I've tried a variety of RegEx's that work with most but not all of these examples. I might be missing something, or perhaps a RegEx isn't the right way to go in this case?
(The RegEx should be .NET compatible)
UPDATE: For those that are interested, here's the C# code I came up with:
var regex = new System.Text.RegularExpressions.Regex(#"(\d+)");
if (regex.IsMatch(m_Key)) {
string value = "";
int length;
var matches = regex.Matches(m_Key);
foreach (var match in matches) {
if (match.Length >= length) {
value = match.Value;
length = match.Length;
}
}
var split = m_Key.Split(new String[] {value}, System.StringSplitOptions.RemoveEmptyEntries);
m_KeyCounter = value;
if (split.Length >= 1) m_KeyPrefix = split(0);
if (split.Length >= 2) m_KeySuffix = split(1);
}
You're right, this problem can't be solved purely by regular expressions. You can use regexes to "tokenize" (lexically analyze) the input but after that you'll need further processing (parsing).
So in this case I would tokenize the input with (for example) a simple regular expression search (\d+) and then process the tokens (parse). That would involve seeing if the current token is longer than the tokens seen before it.
To gain more understanding of the class of problems regular expressions "solve" and when parsing is needed, you might want to check out general compiler theory, specifically when regexes are used in the construction of a compiler (e.g. http://en.wikipedia.org/wiki/Book:Compiler_construction).
You're input isn't regular so, a regex won't do. I would iterate over the all groups of digits via (\d+) and find the longest and then build a new regex in the form of (.*)<number>(.*) to find your prefix/suffix.
Or if you're comfortable with string operations you can probably just find the start and end of the target group and use substr to find the pre/suf fix.
I don't think you can do this with one regex. I would find all digit sequences within the string (probably with a regex) and then I would select the longest with .NET code, and call Split().
This depends entirely on your Regexp engine. Check your Regexp environment for capturing, there might be something in it like the automatic variables in Perl.
OK, let's talk about your question:
Keep in mind, that both, NFA and DFA, of almost every Regexp engine are greedy, this means, that a (\d+) will always find the longest match, when it "stumbles" over it.

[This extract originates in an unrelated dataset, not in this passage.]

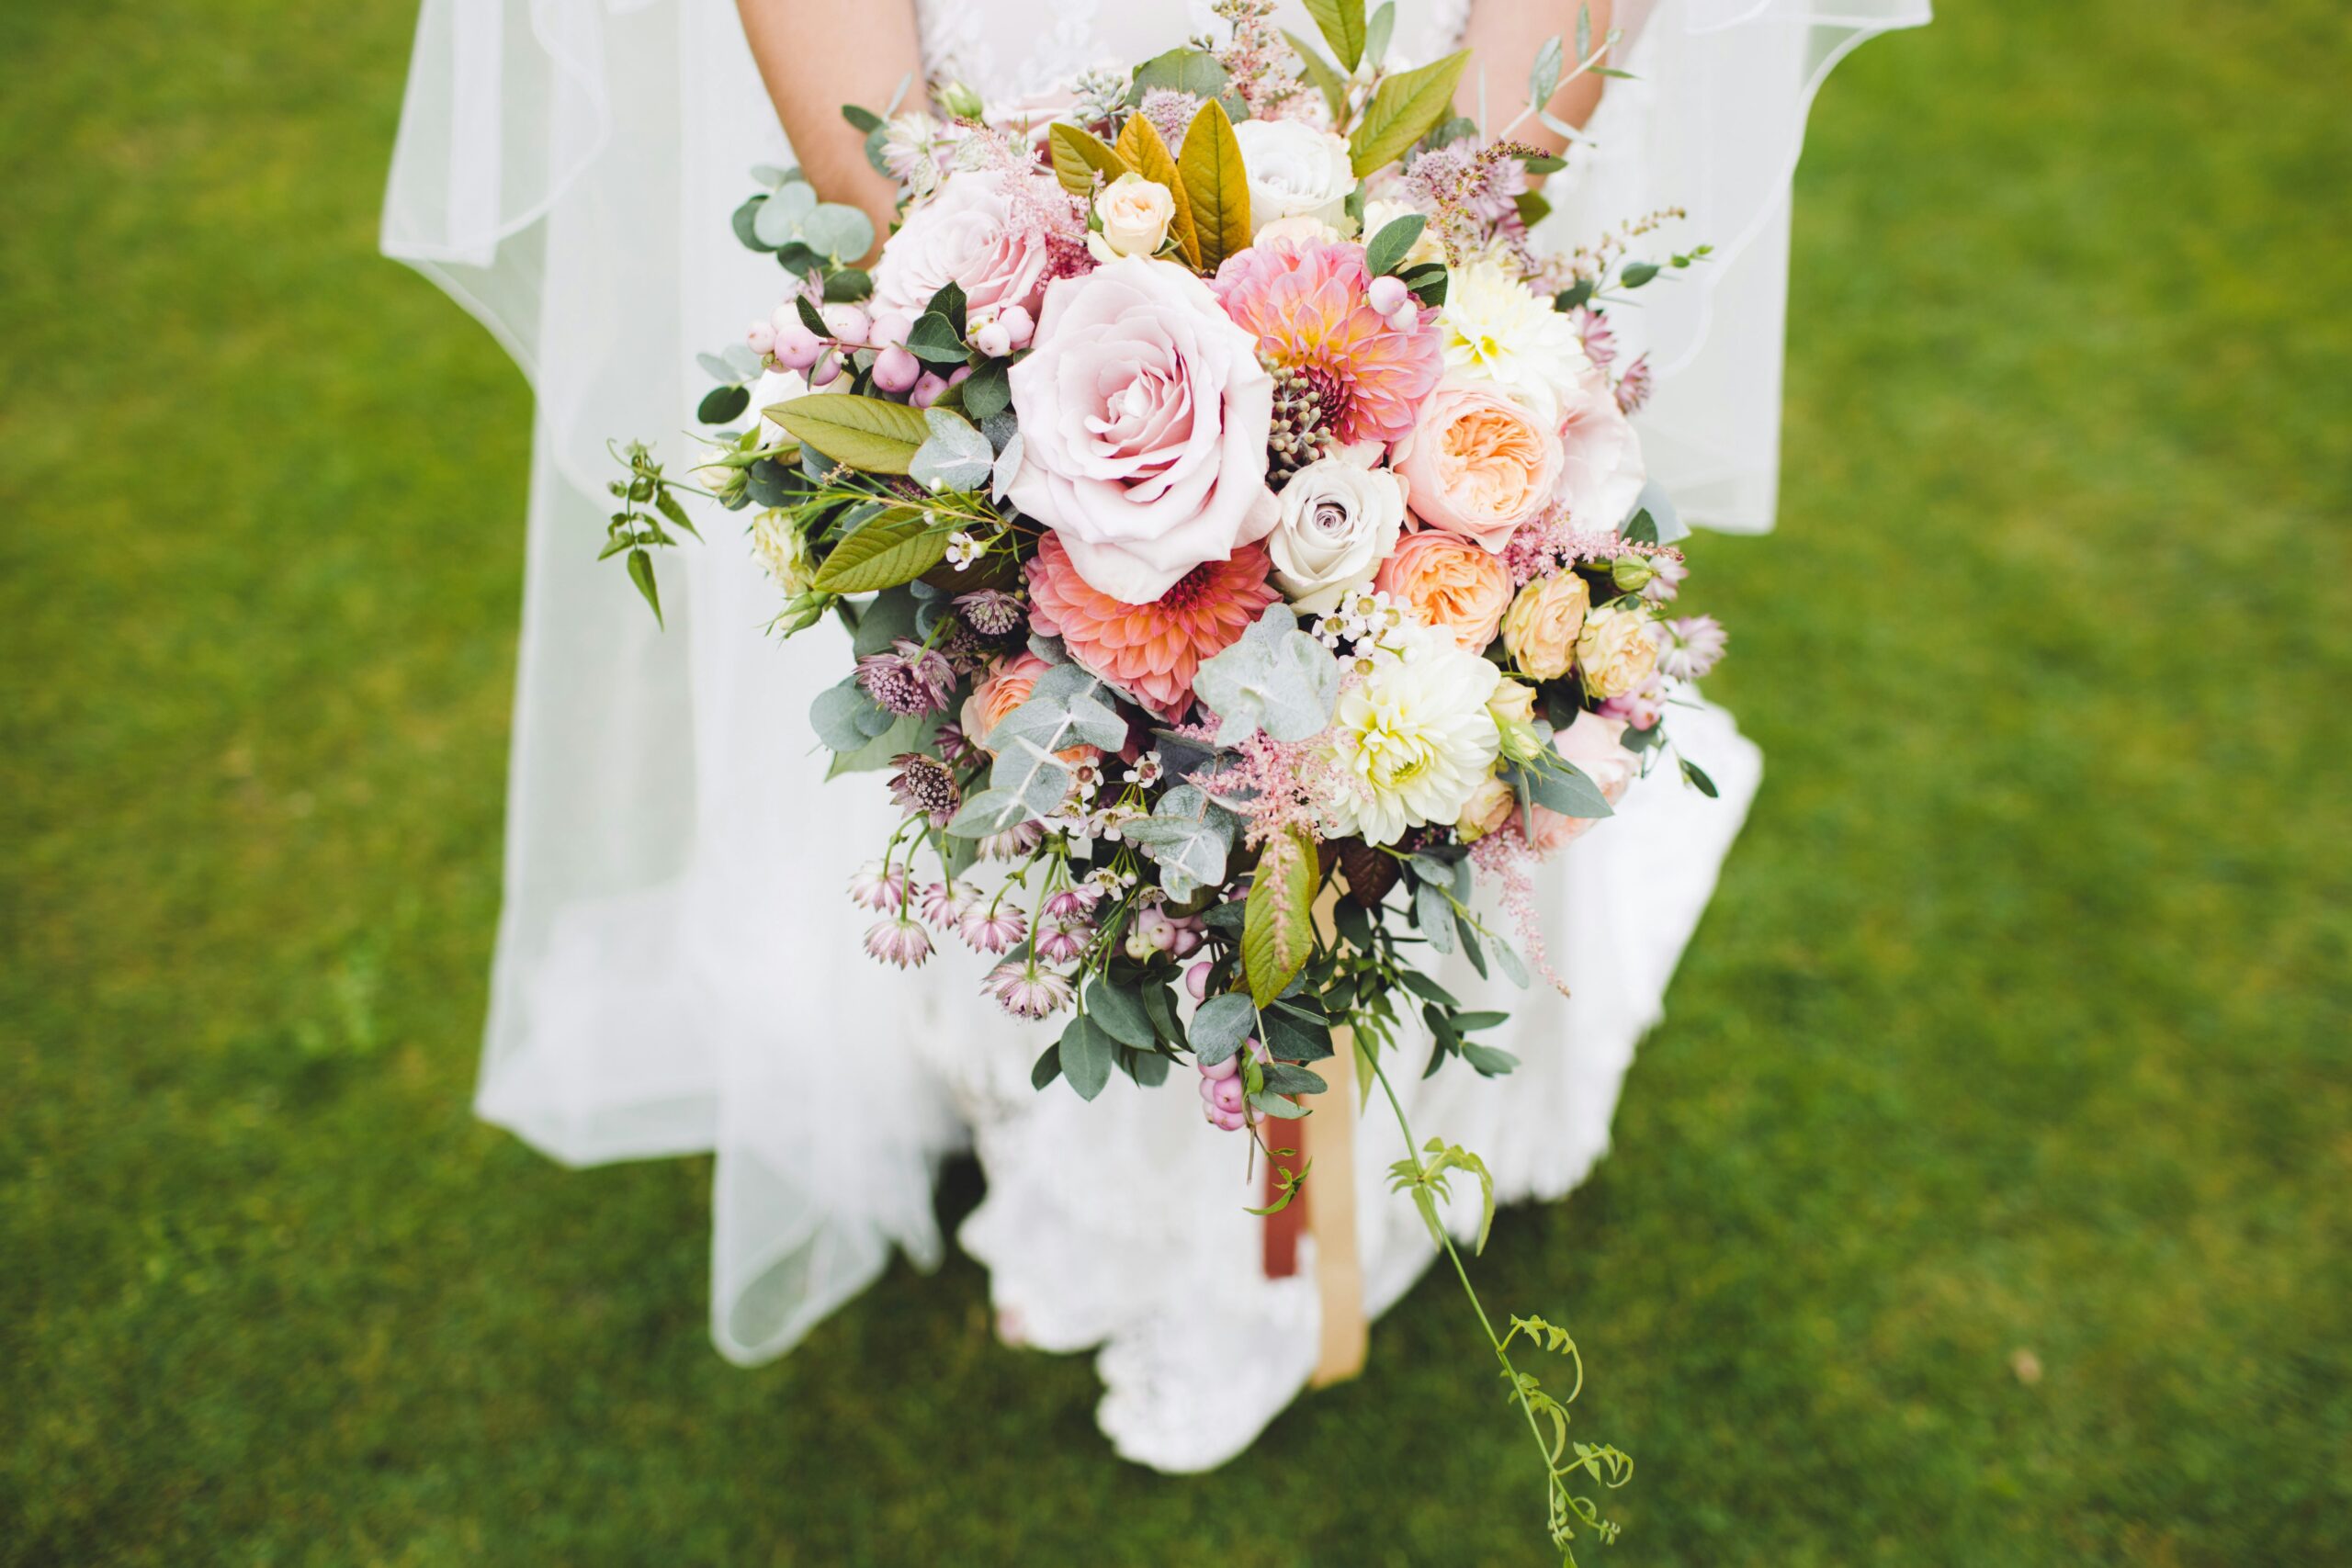 A person holding a brides bouquet.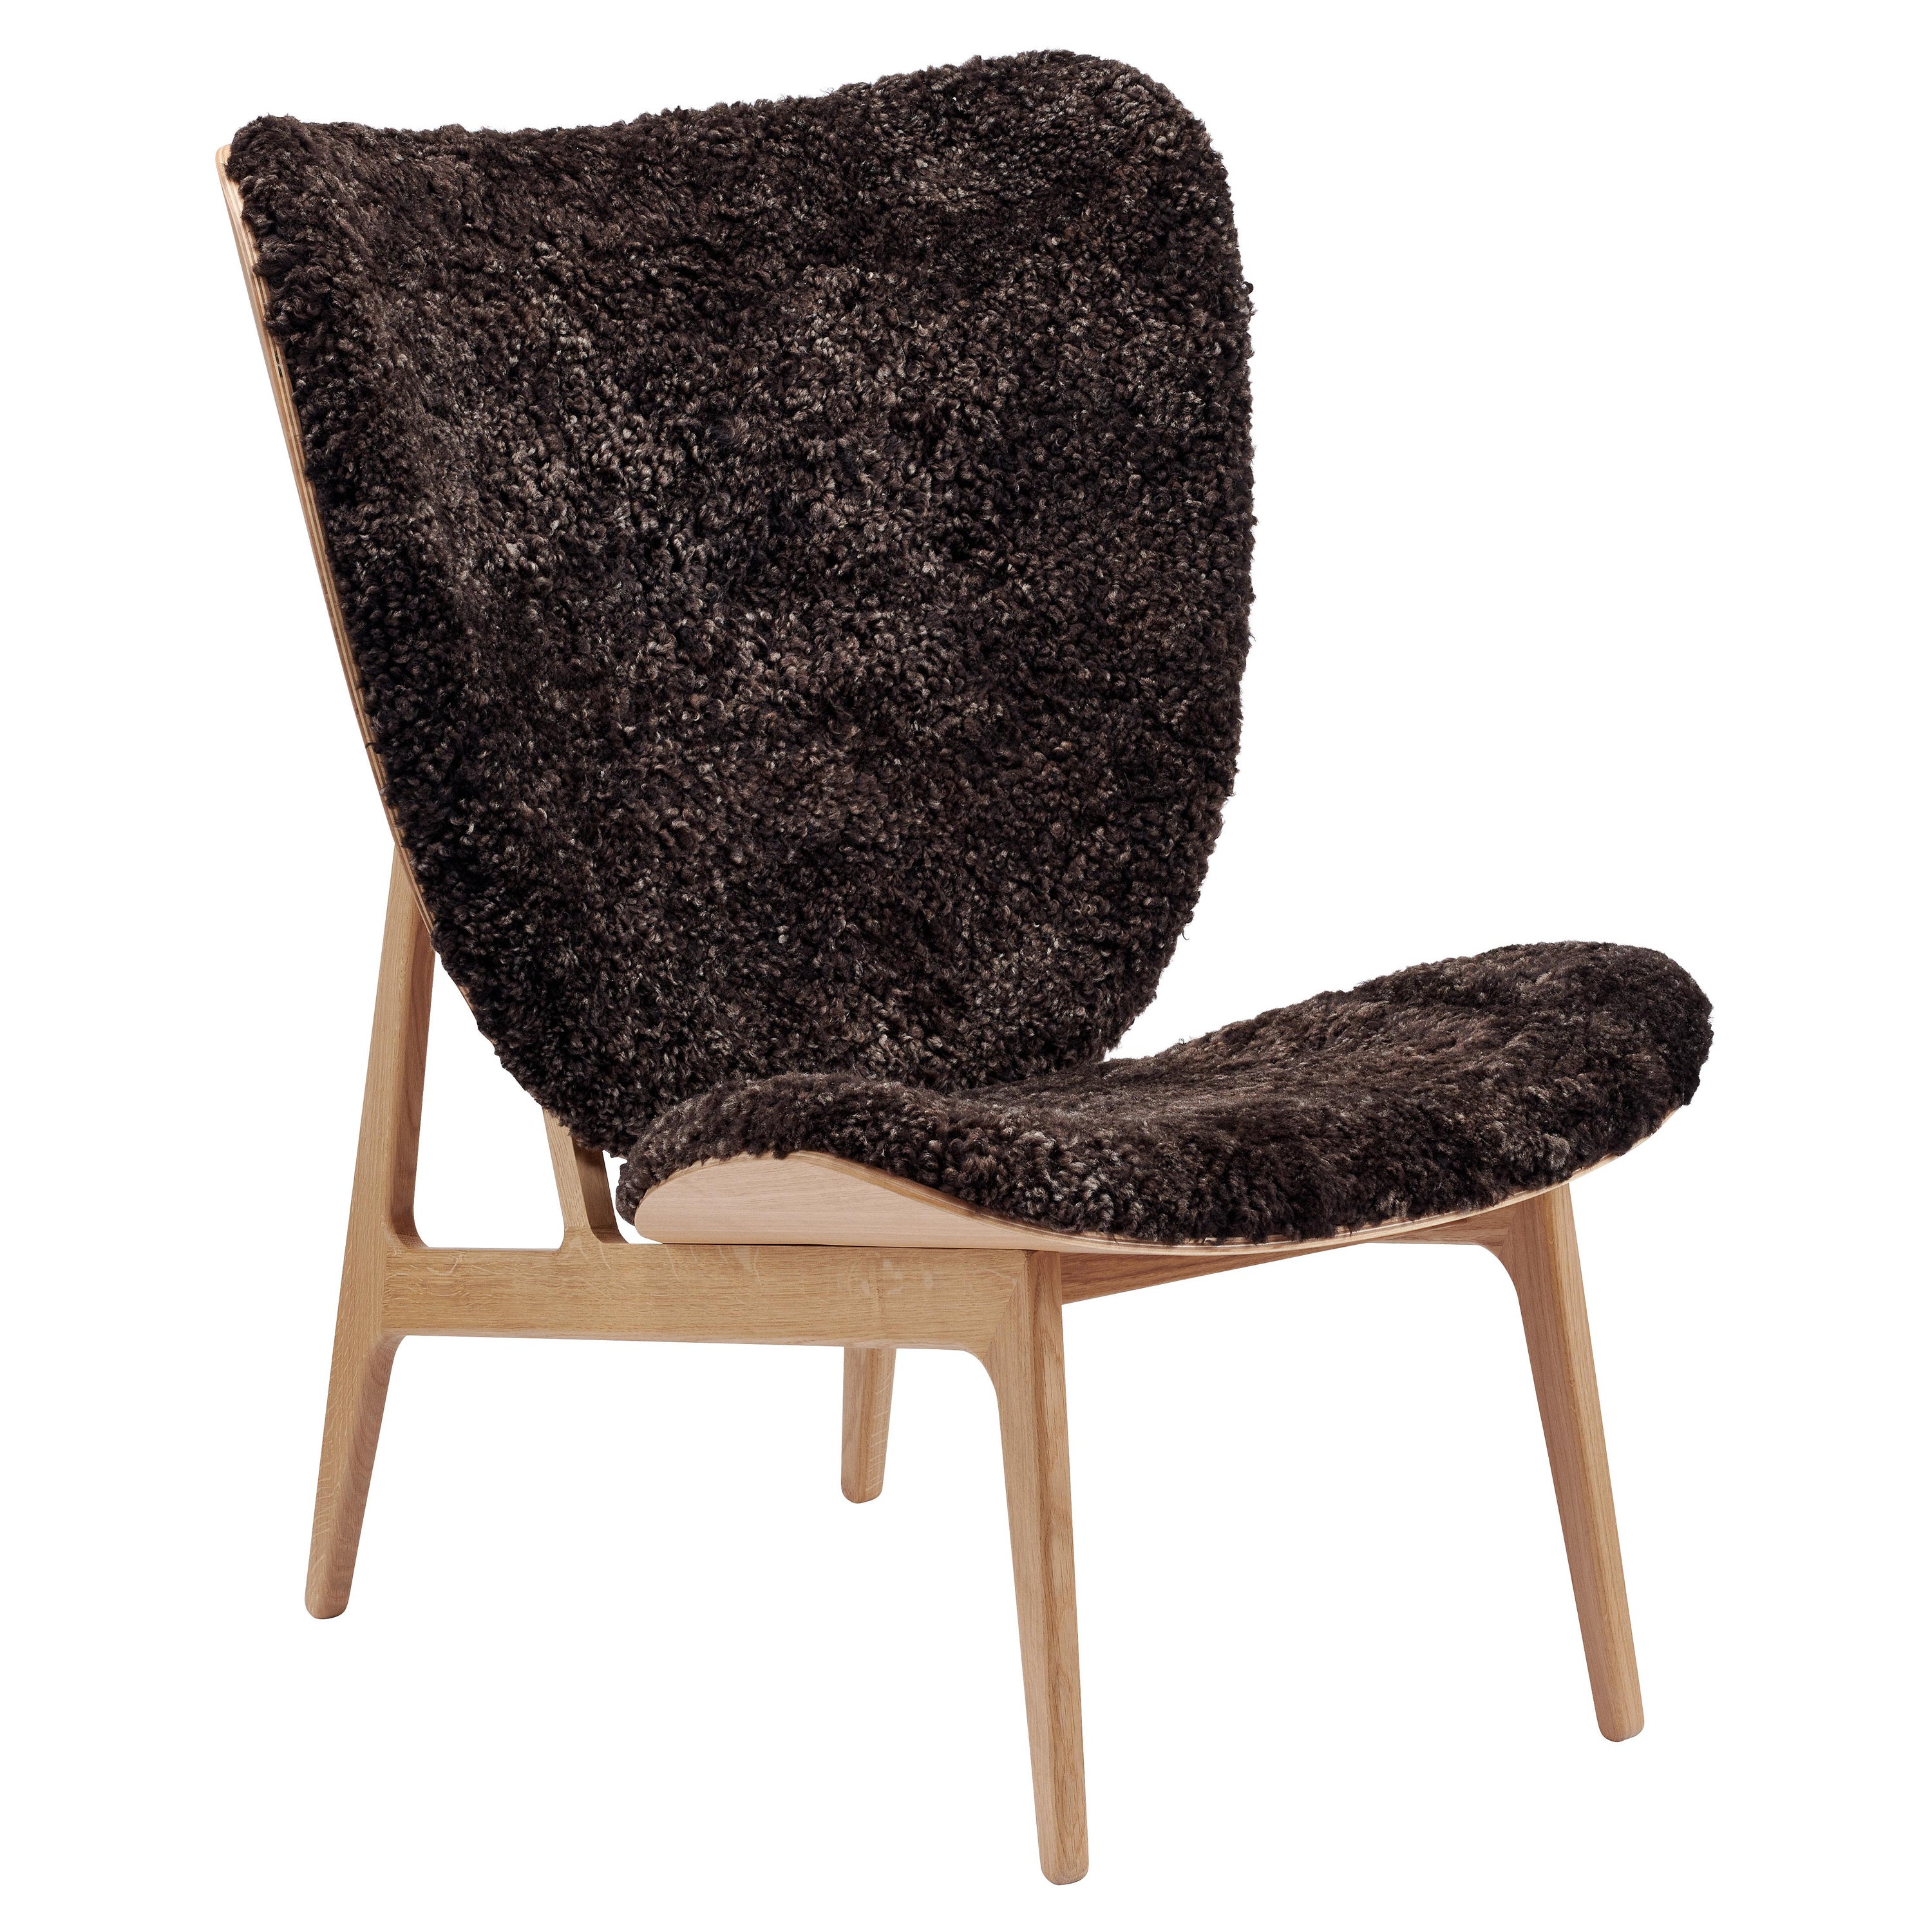 Chaise longue en bois "Elephant" de Norr11, chêne naturel, peau de mouton

Now, what I can get from your example, is you always need middle portion of a number, try this:
/^(.*\D)?(\d+)(\D.*)?$/ig
The now look at variables $1, $2, $3. Not all of them will exist: if there are all three of them, $2 will hold your number in question, the other vars, parts of the prefix. when one of the prefixes is missing, only variable $1 and $2 will be set, you have to see for yourself, which one is the integer. If both prefix and suffix are missing, $1 will hold the number.
The idea is to make the engine "stumble" over the first few characters and start matching a long number in the middle.
Since the modifier /gis present, you can loop through all available combinations, that the machine finds, you can then simply take the one you like most or something.
This example is in PCRE, but I'm sure .NET has a compatible mode.